[DATASET RECORDS]:
+++
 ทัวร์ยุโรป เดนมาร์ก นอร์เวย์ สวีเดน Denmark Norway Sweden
+++
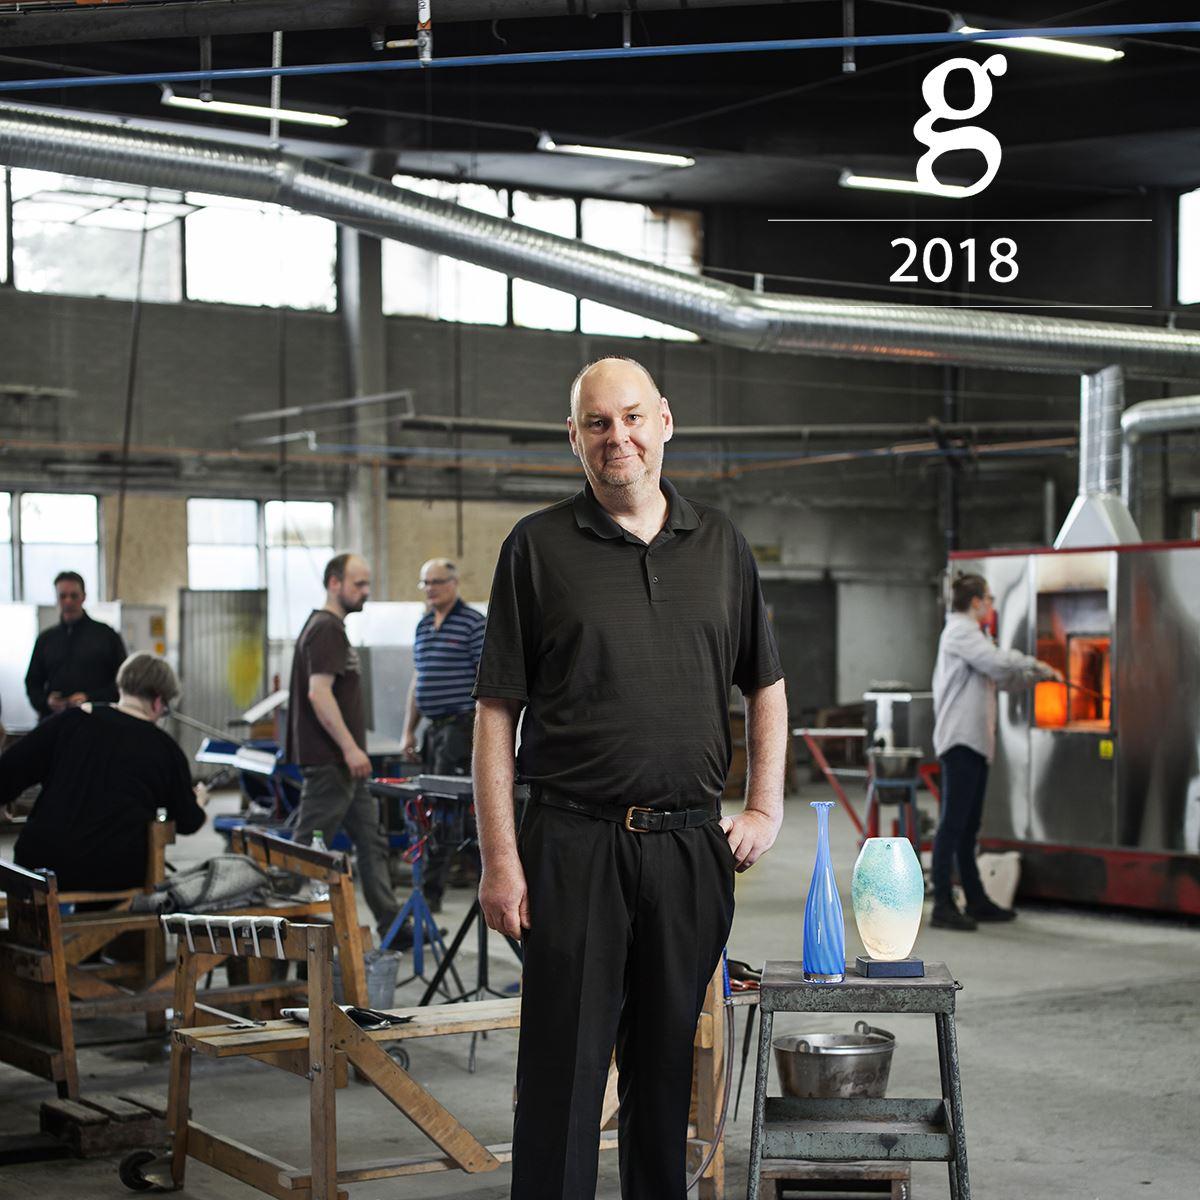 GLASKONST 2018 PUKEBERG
+++
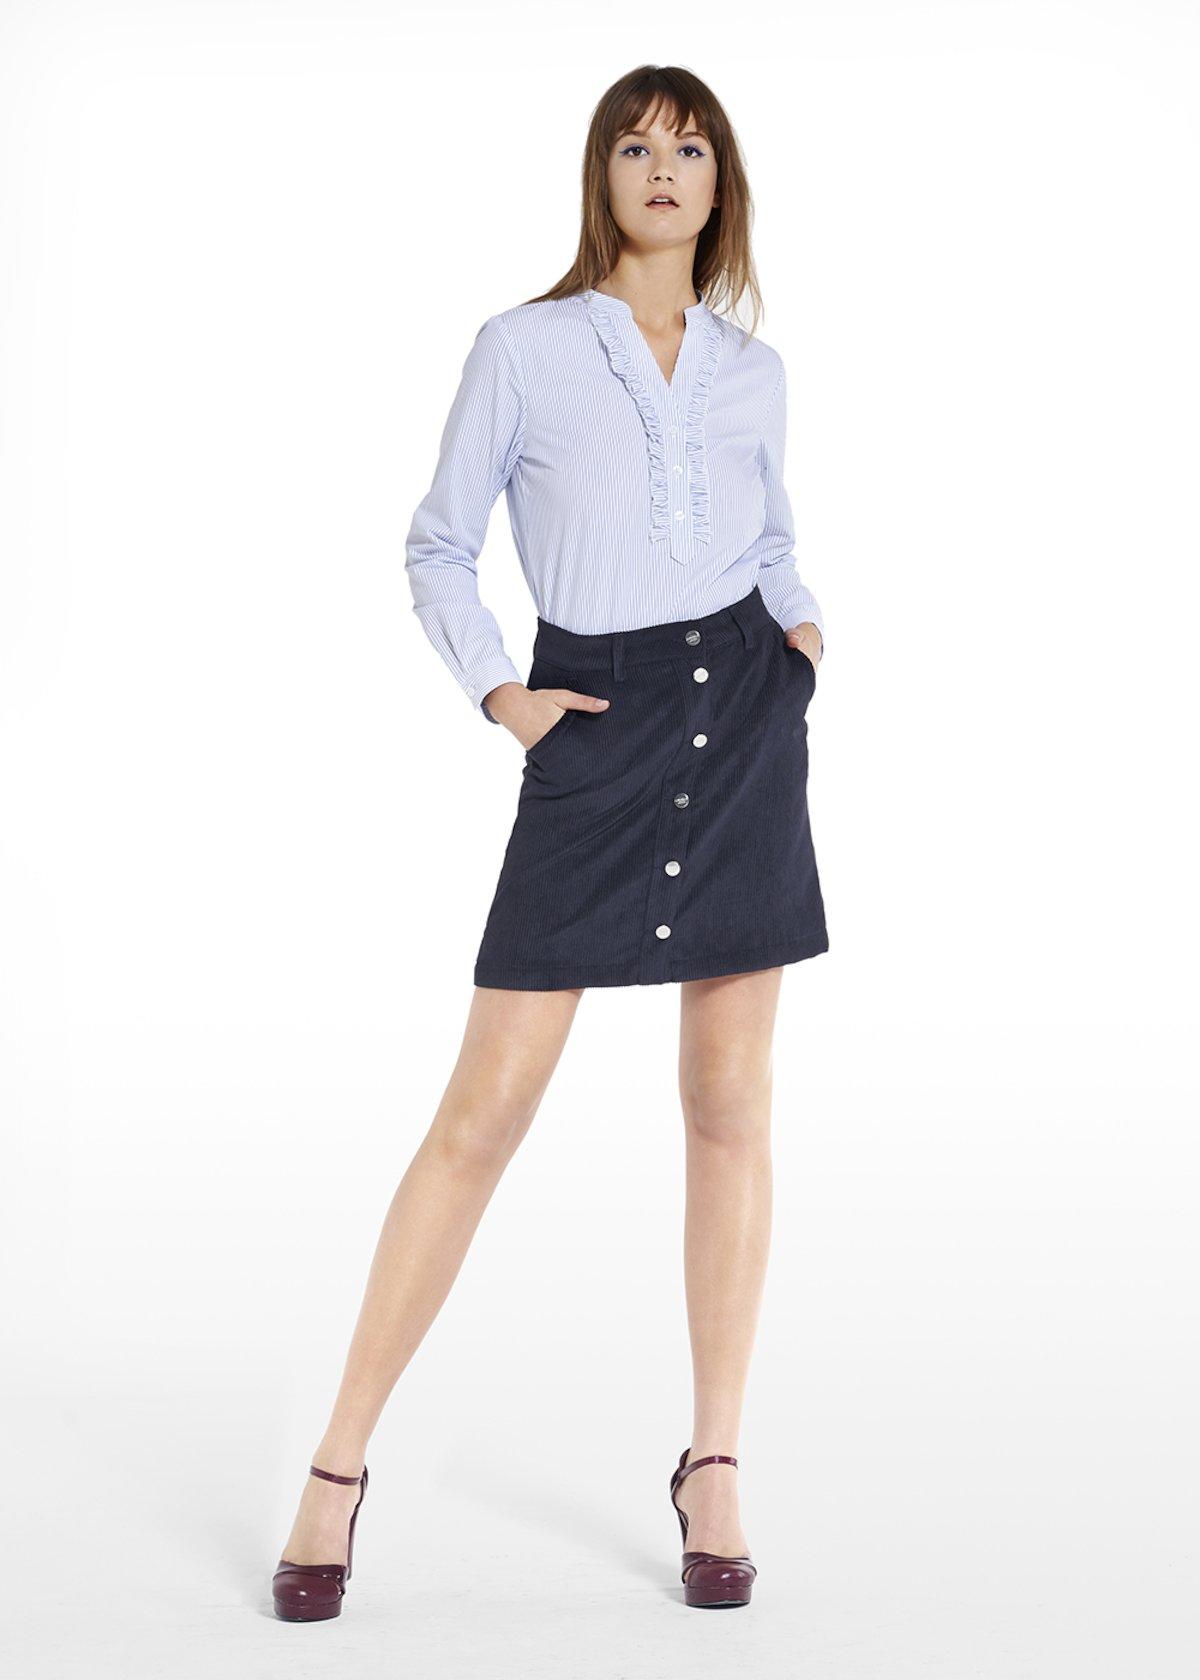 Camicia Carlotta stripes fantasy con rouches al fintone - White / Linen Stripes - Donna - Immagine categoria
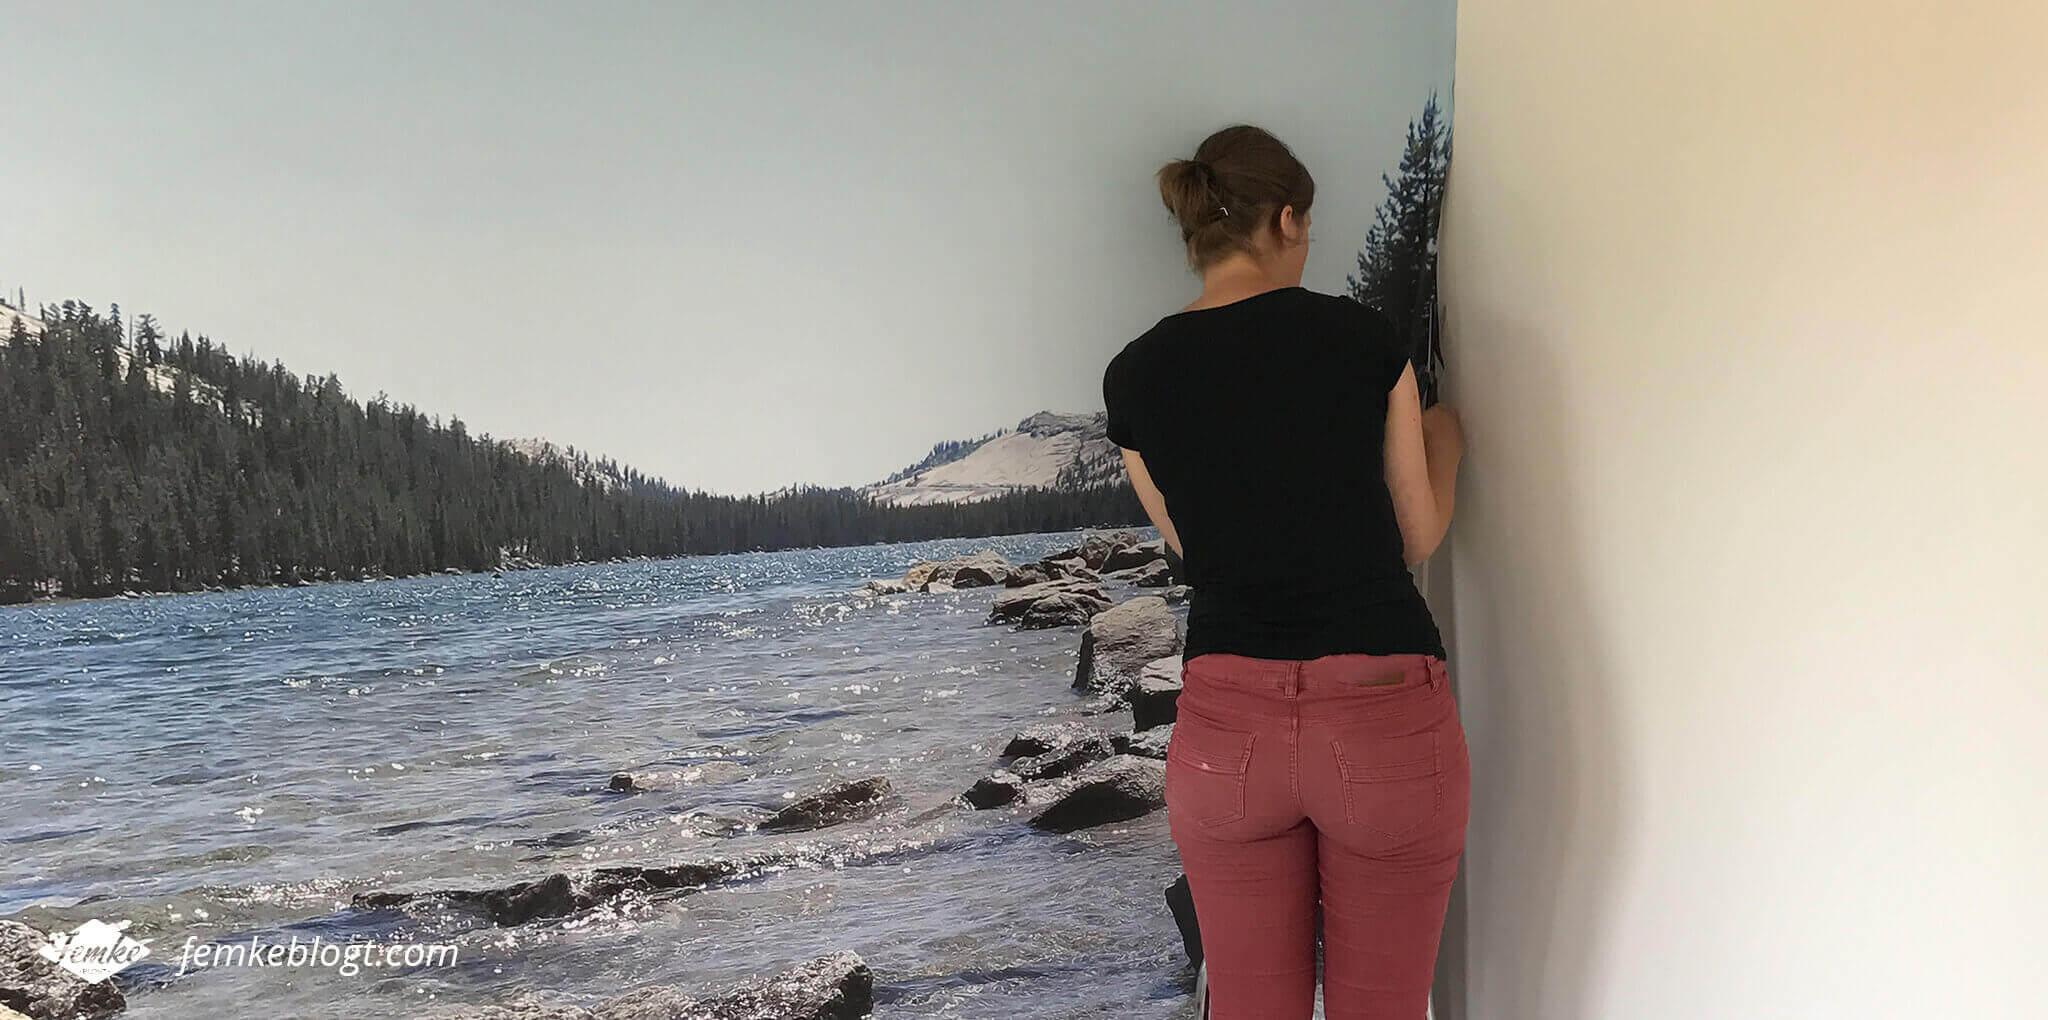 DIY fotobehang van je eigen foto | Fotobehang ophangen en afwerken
+++
[WHAT THE EXERCISE ASKS]:
Your task is to copy only the lines above starting at the one containing "Camicia Carlotta stripes" and ending at the one containing "DIY fotobehang van". Copy them exactly, both ends included, and omit the pictures.

[RESPONSE TO THE EXERCISE]:
 Camicia Carlotta stripes fantasy con rouches al fintone - White / Linen Stripes - Donna - Immagine categoria
 DIY fotobehang van je eigen foto | Fotobehang ophangen en afwerken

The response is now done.